4.3. If the Buyer is entering into this Agreement as an agent or media buyer for its Advertiser client, the Buyer represents and 
warrants that it is contracting with Fix as a principal and is acting under the express authority of the Advertiser. The Buyer 
will indemnify Fix and shall keep Fix fully and effectively indemnified from and against any claims made by the 
Advertiser which concern the Buyer not having such authorisation.  

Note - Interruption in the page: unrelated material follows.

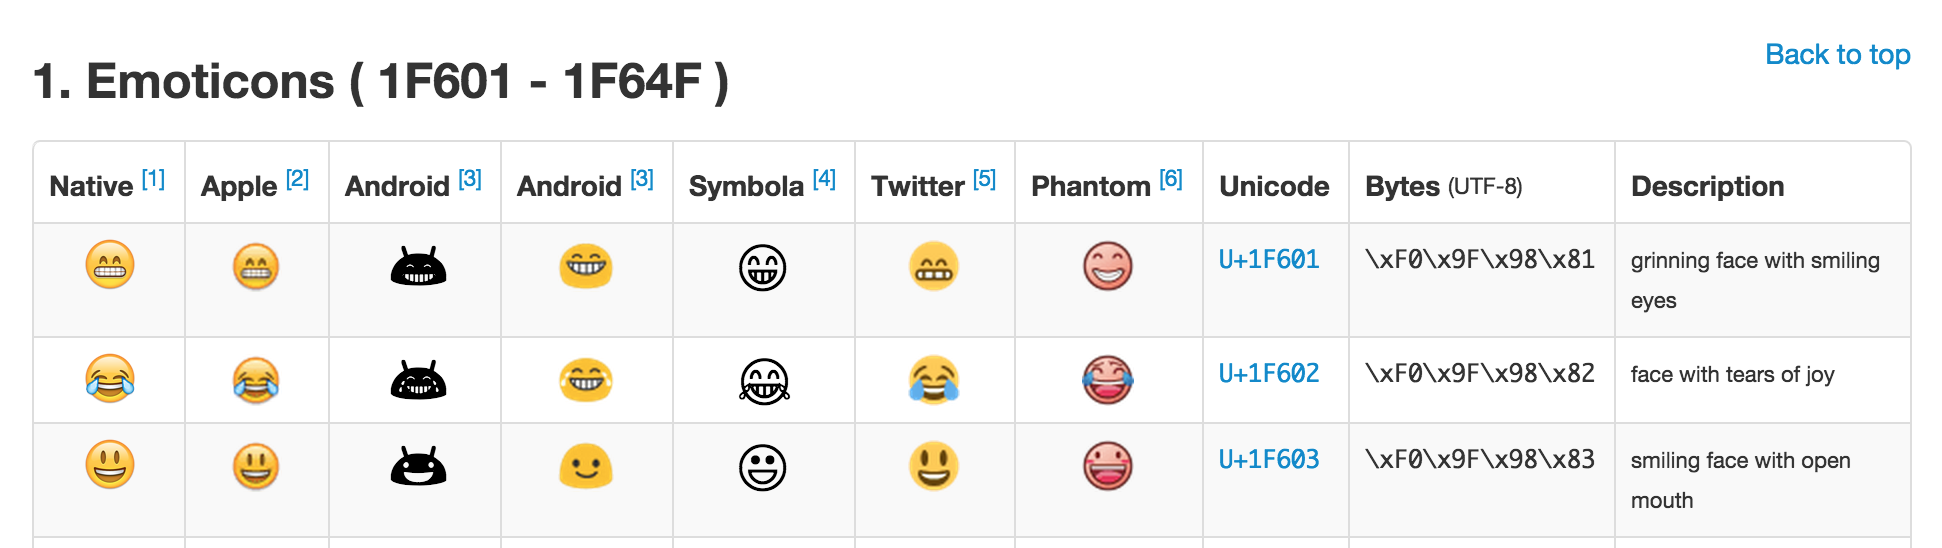 Emoji Toggles! | CSS-Tricks
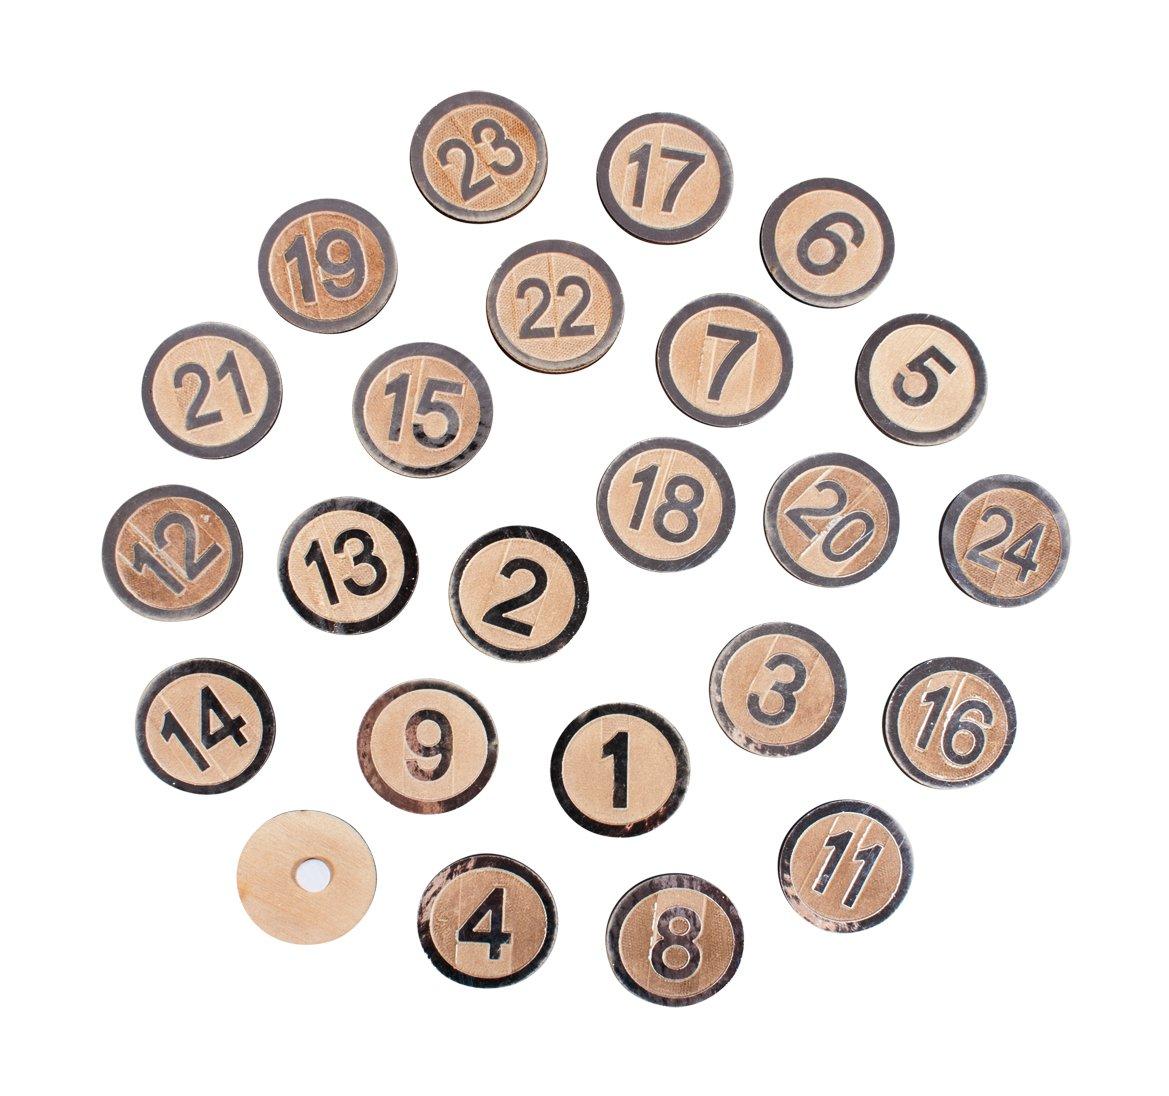 Rayher 46291606 MDF-Advent calend.Numerals 1-24, 3.5cm ø, Silver

4.4. Fix may, in its sole (but reasonable) discretion and without liability to the Advertiser, refuse to broadcast or publish an 
Advertisement or any Assets, or if broadcast or publication has already commenced it may refuse a future broadcast or 
publication (and for Digital Advertisements or Audio-Visual Advertisements, remove from a Fix website immediately), or 
require the Advertisement or Assets to be amended prior to any future broadcast or publication, to: 
comply with any legal or moral obligations placed on Fix or the Advertiser; 
Avoid, or attempt to avoid, infringing a third party's rights or Applicable Law; 
to avoid / remedy the potential risk of bringing Fix into disrepute or harming its reputation; or 
to avoid the breach of Fix’s internal policies or brand guidelines. 
4.5. Fix reserves the right (during the Term and for the purposes of the Campaign) to broadcast or publish (whether on one of 
its websites or on one of its radio stations) any Assets previously supplied by the Advertiser. 
4.6. Fix will use reasonable efforts to comply with the wishes of the Advertiser and to deliver the agreed number of adults 
aged fifteen or over, “Impacts” (the gross number of opportunities to hear (“OTH”) radio advertising, calculated by 
multiplying the total reach of the Radio Advertisements by the average OTH according to RAJAR data, it represents the total 
number of times each Radio Advertisement is likely to have been heard) for the Radio Advertisement. Fix will also 
endeavour to accommodate requested “Laydowns” (meaning the agreed broadcast schedule or number of spots) but 
reserves the right to change radio programming features and broadcast times. If Fix is unable to accommodate the agreed 
Laydowns, it shall reconcile this against the agreed Impacts. Fix will not reimburse the Advertiser for the number of spots 
missed according to the Laydown.  
5.1. Fix will not be bound by a request to cancel a Campaign or any part thereof unless it receives written notification, by 
recorded delivery at least 28 working days prior to the Campaign Start Date. If a cancellation notice is received prior to this 
deadline, the Buyer will only be liable to pay the production charges for services Fix has undertaken prior to receipt of the 
cancellation notice, which shall be confirmed to the Buyer, in writing, following Fix’s receipt of the cancellation notice. 
Cancellation notices received less than 28 working days before the Campaign Start Date, regardless of when the Campaign 
was booked, shall not (even if followed by Fix) affect the Buyer's liability to pay all media and production charges for the 
Campaign in accordance with clause 6, below. 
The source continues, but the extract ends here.